Reprinted with permission from The North Carolina Atlas Revisited. Managing editor: Alfred W. Stuart.
See also: Manufacturing (Encyclopedia of North Carolina), Manufacturing Table of Contents; Exports; Furniture; Information Technology; Iron and Steel Industry; Textiles; Tobacco; Cole Manufacturing Company; Coleman Manufacturing Company; Fries Manufacturing and Power Company
Part 1: Overview
Manufacturing has long been the backbone of the North Carolina economy. In 1975, for example, it accounted for over 36 percent of all non-farm jobs in the state. Nationally, by a variety of measures, the state ranks eighth largest in the nation in manufacturing even though its only the eleventh most populous. And it ranks even higher in terms of the proportion of the total population that has a factory job.
The absolute totals for factory employment continued to rise, with some fluctuations, after 1975 before peaking in 1995. Since then they have declined steadily (Figure 1).
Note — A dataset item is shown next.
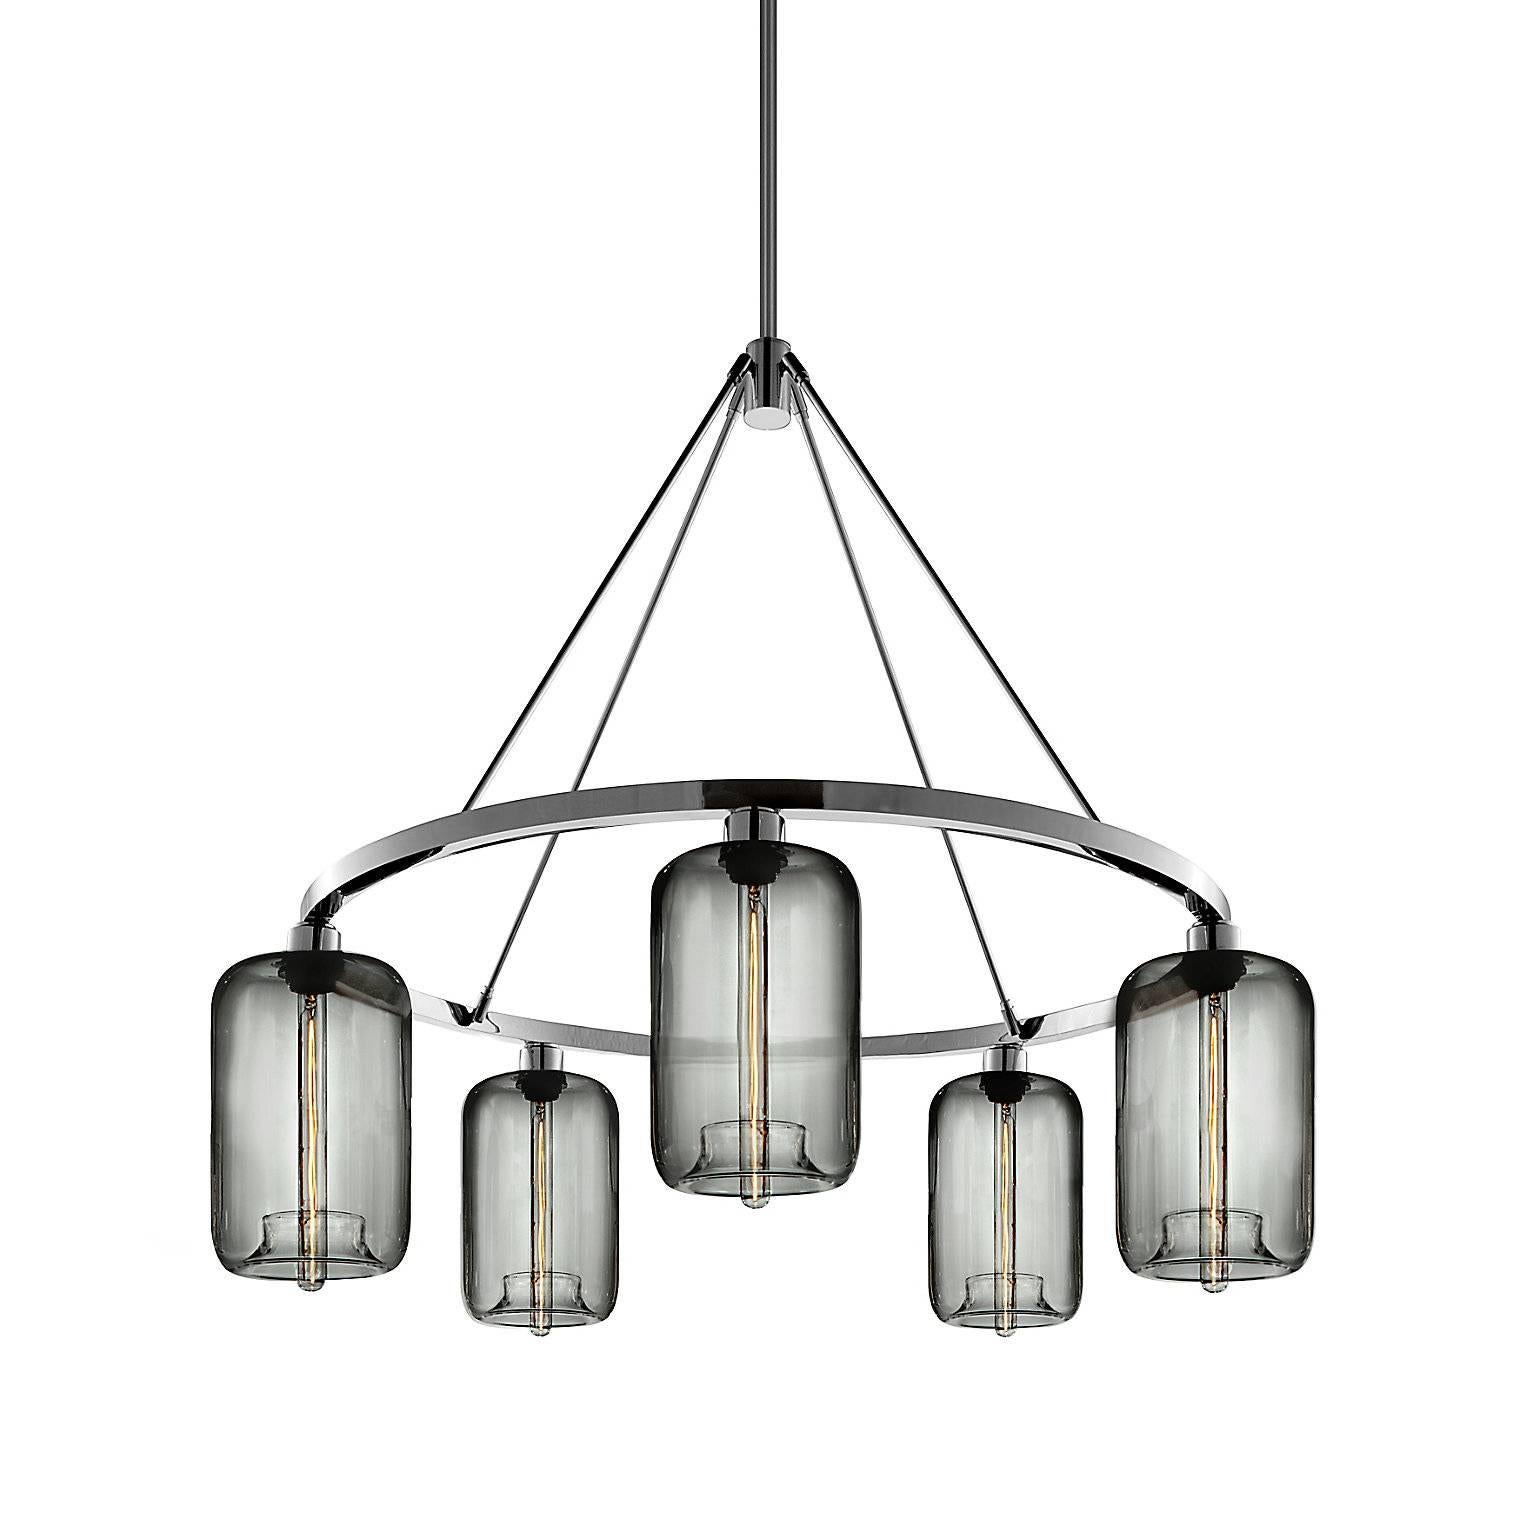 Pod Sapphire Handblown Modern Glass Polished Nickel Chandelier Light In New Condition For Sale In Beacon, NY
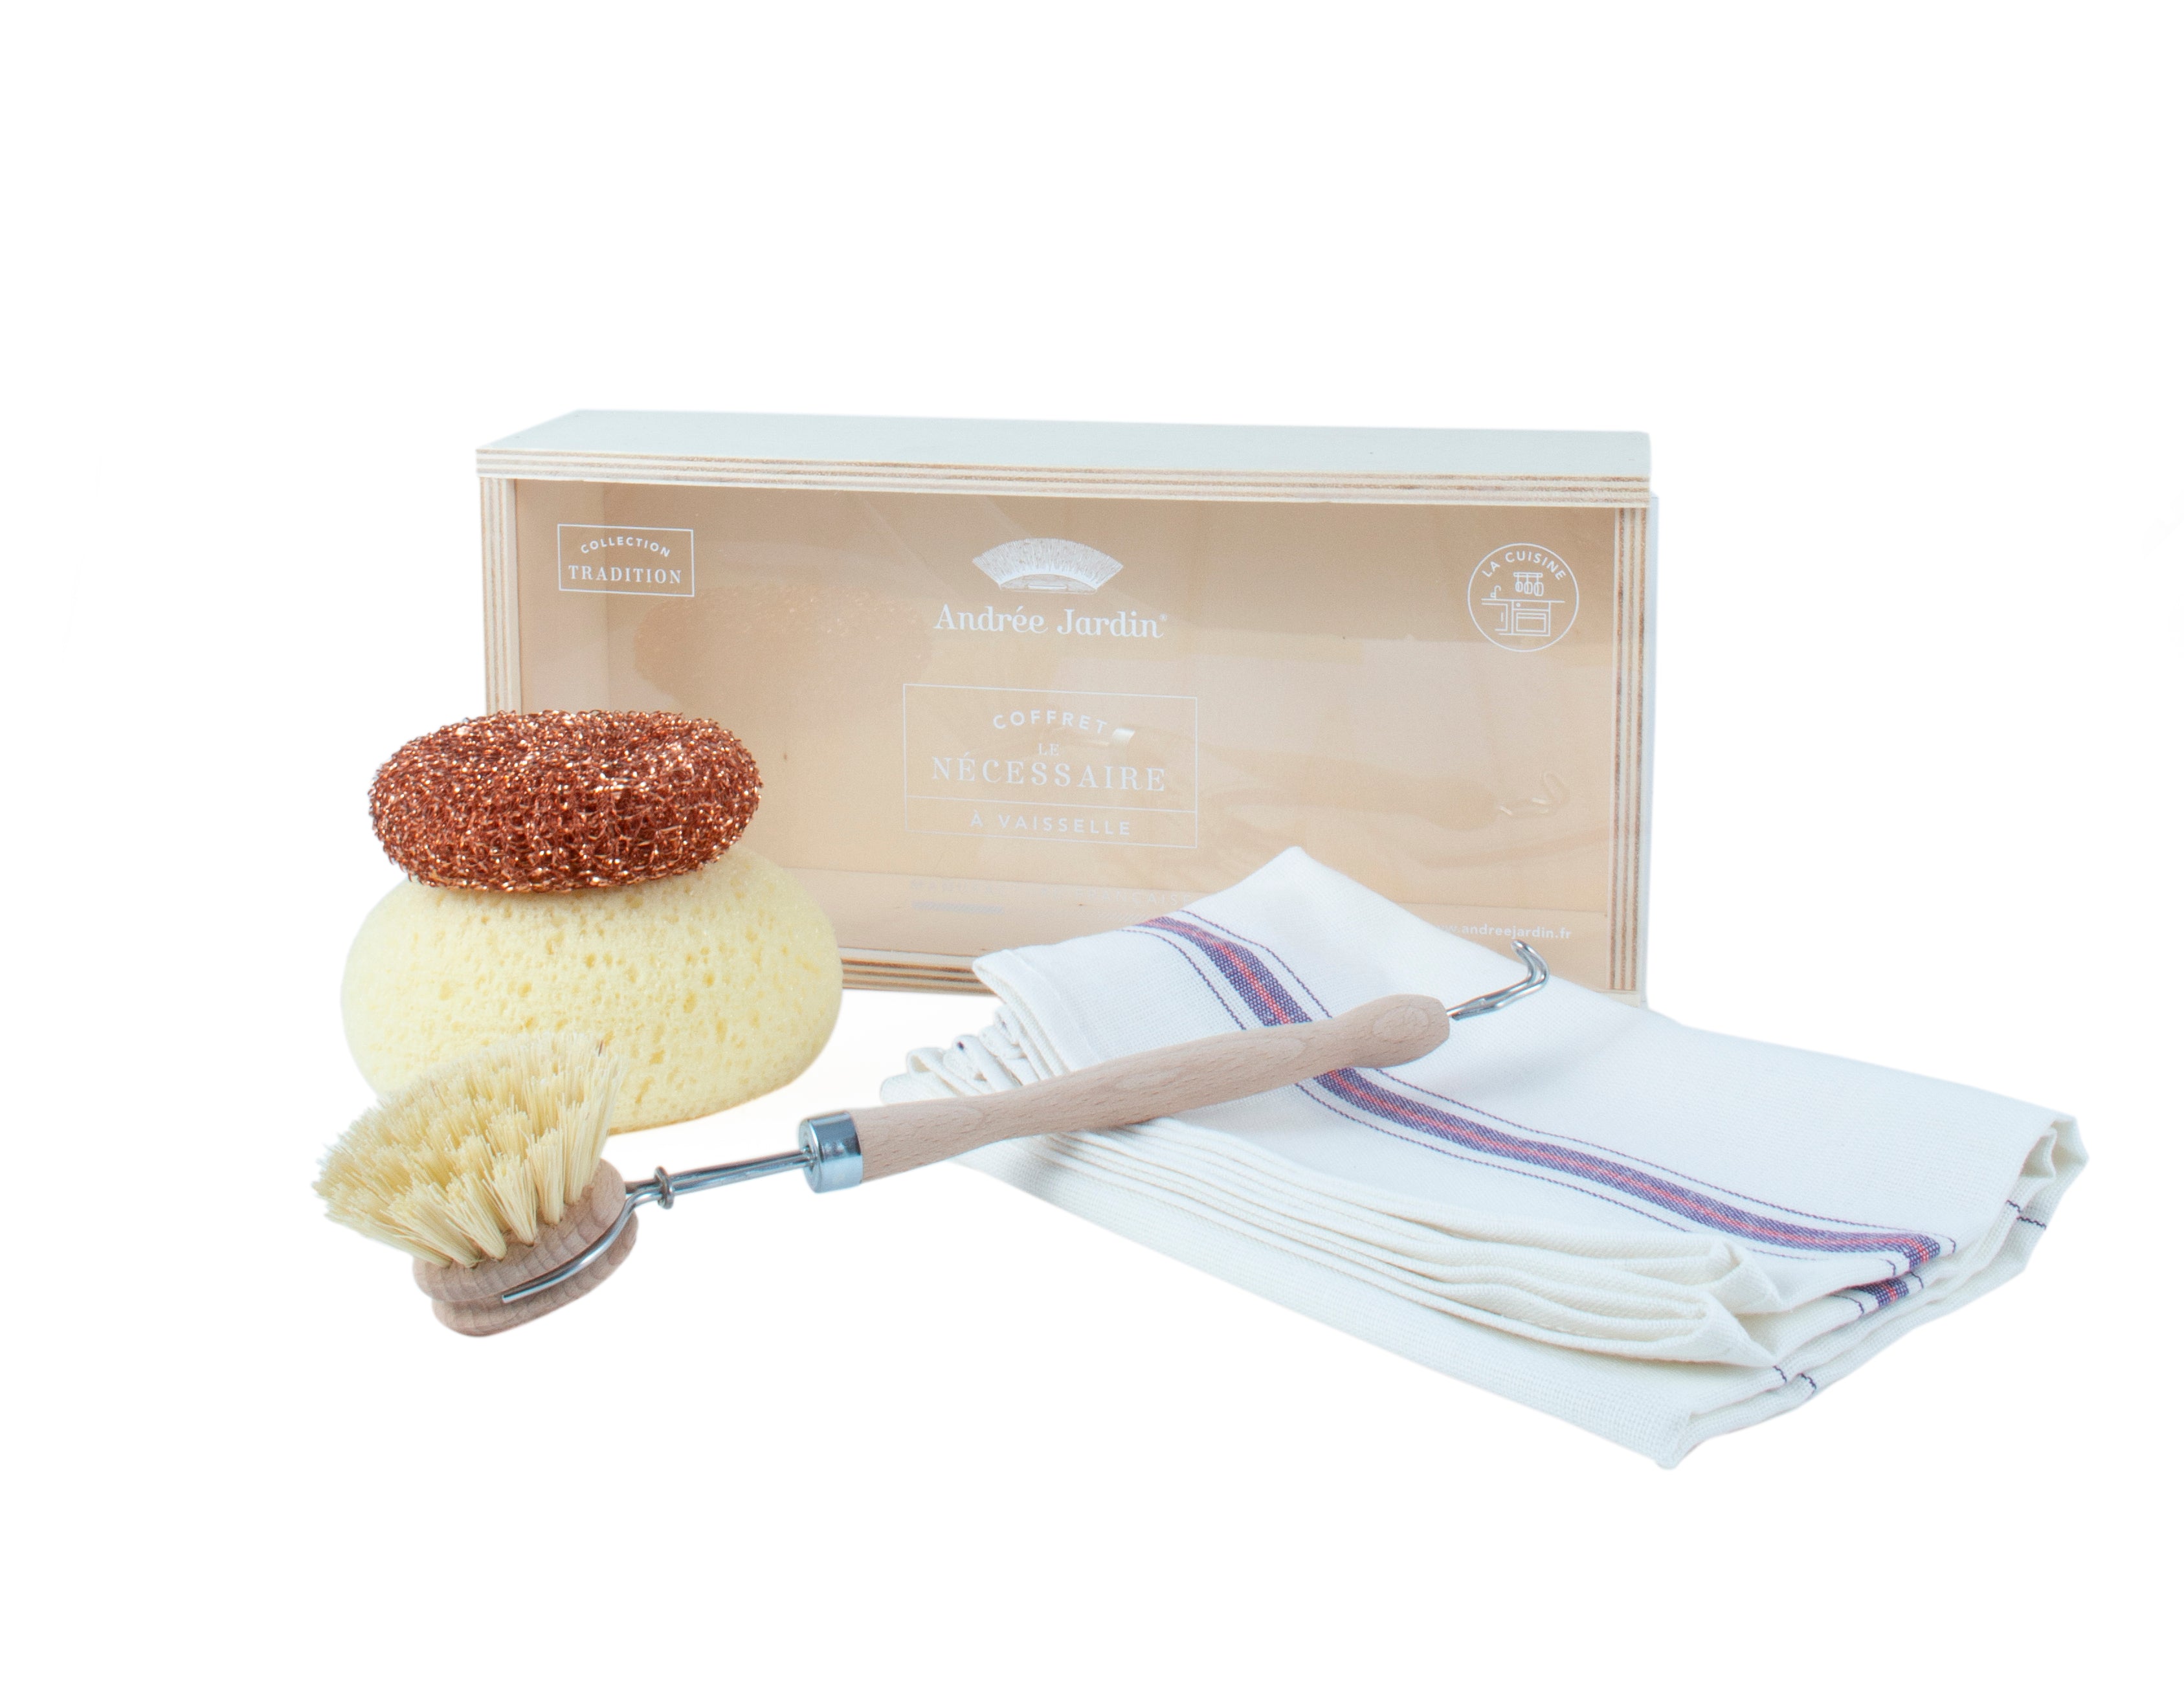 Andrée Jardin "Tradition" Dish Kit in Wooden Box Andrée Jardin Andrée Jardin Back in stock Brand_Andrée Jardin Home_Household Cleaning Kitchen_Accessories Kitchen_Kitchenware La Cuisine AndreeJardinNewDishKit_Out

In terms of its relation to the total economy, the decline has been even sharper. The 1975 share was halved by 2004, to just 15.4 percent of the total. The state tends to have a greater proportion in factory jobs than does the US generally. In 1997 North Carolina’s share was 22.1 percent, compared with the national proportion of 15.4 percent.
Industrial employment data from the Employment Security Commission of NC for the 1990-2004 period illustrate both recent declines in manufacturing but also the considerable diversification that has taken place in this sector of the economy. For example, the textiles, apparel and furniture industries lost a combined total of over 214,000 jobs during the period while all other manufacturing industries loss just 27,000 jobs. Increases were led by the chemicals, plastics/rubber, fabricated metals, and transportation equipment industries, which together added over 16,000 jobs. For the most part, these industries paid average annual wages that were close to or in excess of the $37,443 average annual wage paid to all manufacturing employees in 2004. The state’s highest wage industry, computers and electronics products, the fourth largest industrial employer, recorded a 24 percent employment drop, but that rate was less than that for all industries. Diversification has had a substantial geographic component to it. For example, 1n 2002, 63 per cent of all jobs in chemicals were in the Raleigh-Durham, Charlotte-Gastonia and Greensboro/Winston-Salem/High Point MSAs and 79 percent of jobs in the computer and related electronics industry were found in these same three MSAs, led by Raleigh-Durham. Reflecting this, a national publication, Business Facilities: The Location Advisor, ranked Raleigh-Durham fourth and Charlotte 11th highest among U.S. high-tech cities in 2003.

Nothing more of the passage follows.